I'm trying to generate all possible non-redundant patterns of a complete graph with 4 nodes, using different combinations of nodes. I want to get the linear form of the graph patterns, eg: A-B-C-D.
complete graph pattern of 4 nodes
The nodes can be repeated objects, for example, E-E-E-E. For now, I want to test with E and R.
I tried generating patterns using itertools.combinations_with_replacement
and I get 5 patterns:
patterns_comb = [''.join(i) for i in itertools.combinations_with_replacement(["E","R"],4)]
The output is
['EEEE', 'EEER', 'EERR', 'ERRR', 'RRRR']
Then I use itertools.product
and I get 16 patterns:
patterns_product = [''.join(i) for i in itertools.product(["E","R"],repeat=4)]
The output is:
['EEEE', 'EEER', 'EERE', 'EERR', 'EREE', 'ERER', 'ERRE', 'ERRR', 'REEE', 'REER', 'RERE', 'RERR', 'RREE', 'RRER', 'RRRE', 'RRRR']

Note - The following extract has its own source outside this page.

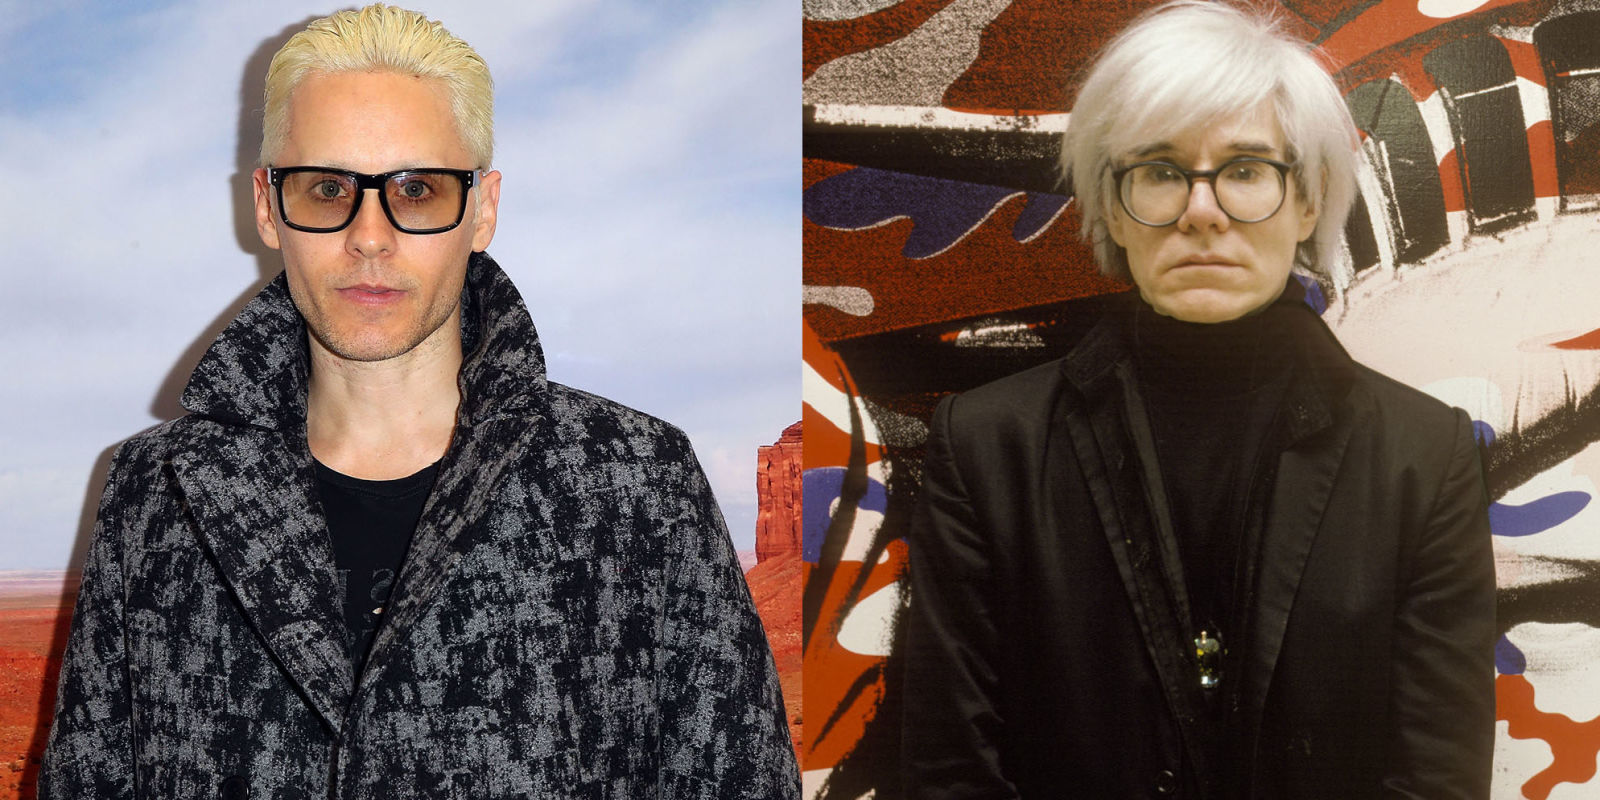 Jared Leto tackling Andy Warhol next 2016 images

I run a downstream analysis using these patterns. Using itertools.combinations_with_replacement
lead to missing patterns that could be important.

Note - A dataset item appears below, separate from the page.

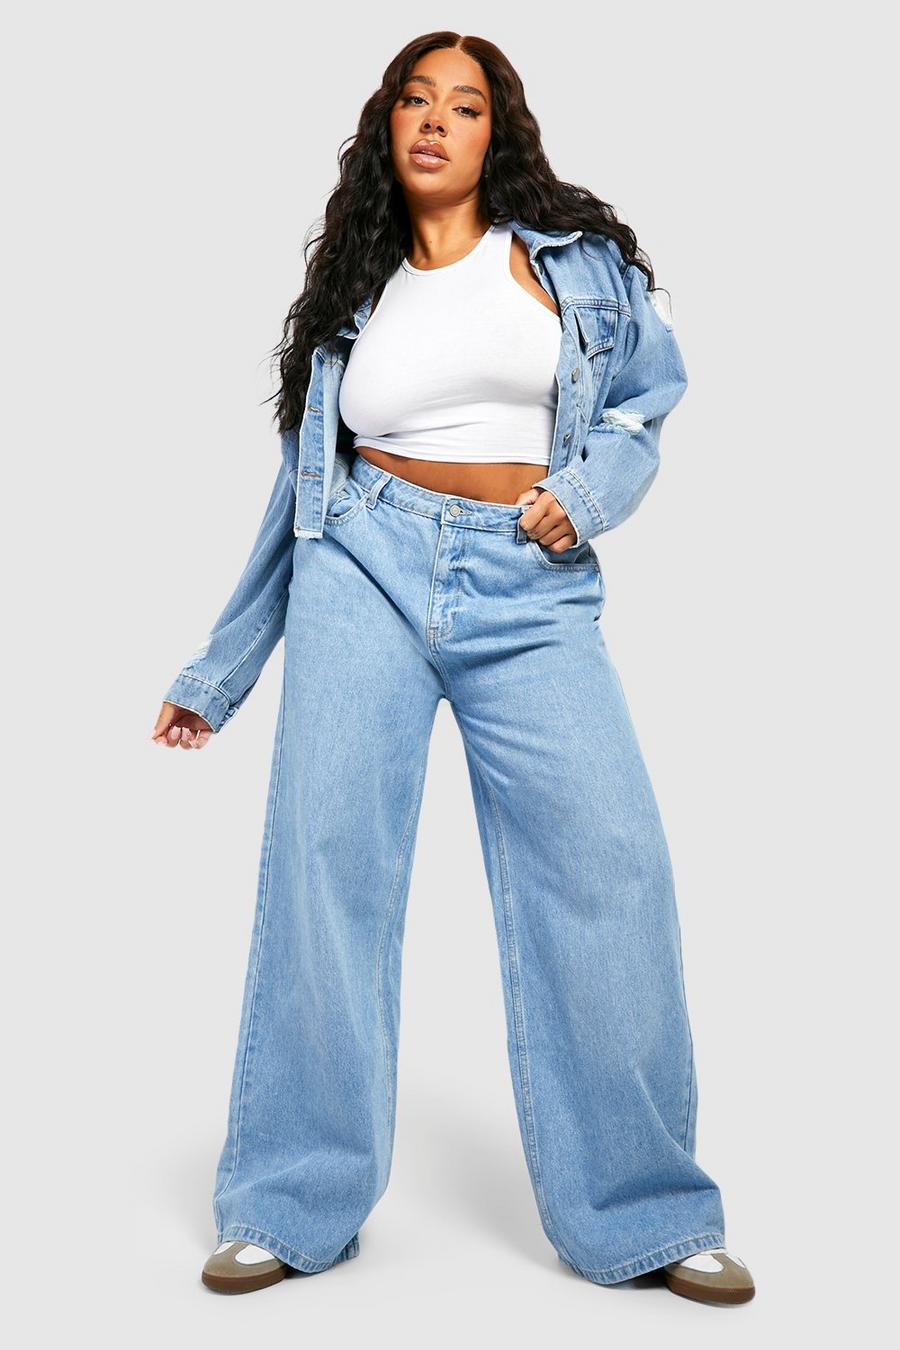 Plus Size Jeans, Women's Plus Size Jeans

But when using itertools.product
, there would be redundant patterns, i.e patterns that are producing similar results, so it would take a long time to complete the downstream analysis.
For example: ERRE gives the same output as REER (so both are actually the same pattern), and RERE gives the same output as ERER, EERR, RREE.
Is there any solution to get non-redundant patterns or to compare these patterns to see whether they are similar or not?
I tried using Networkx package
to compare the edges but it is quite hard to compare because of repeated nodes.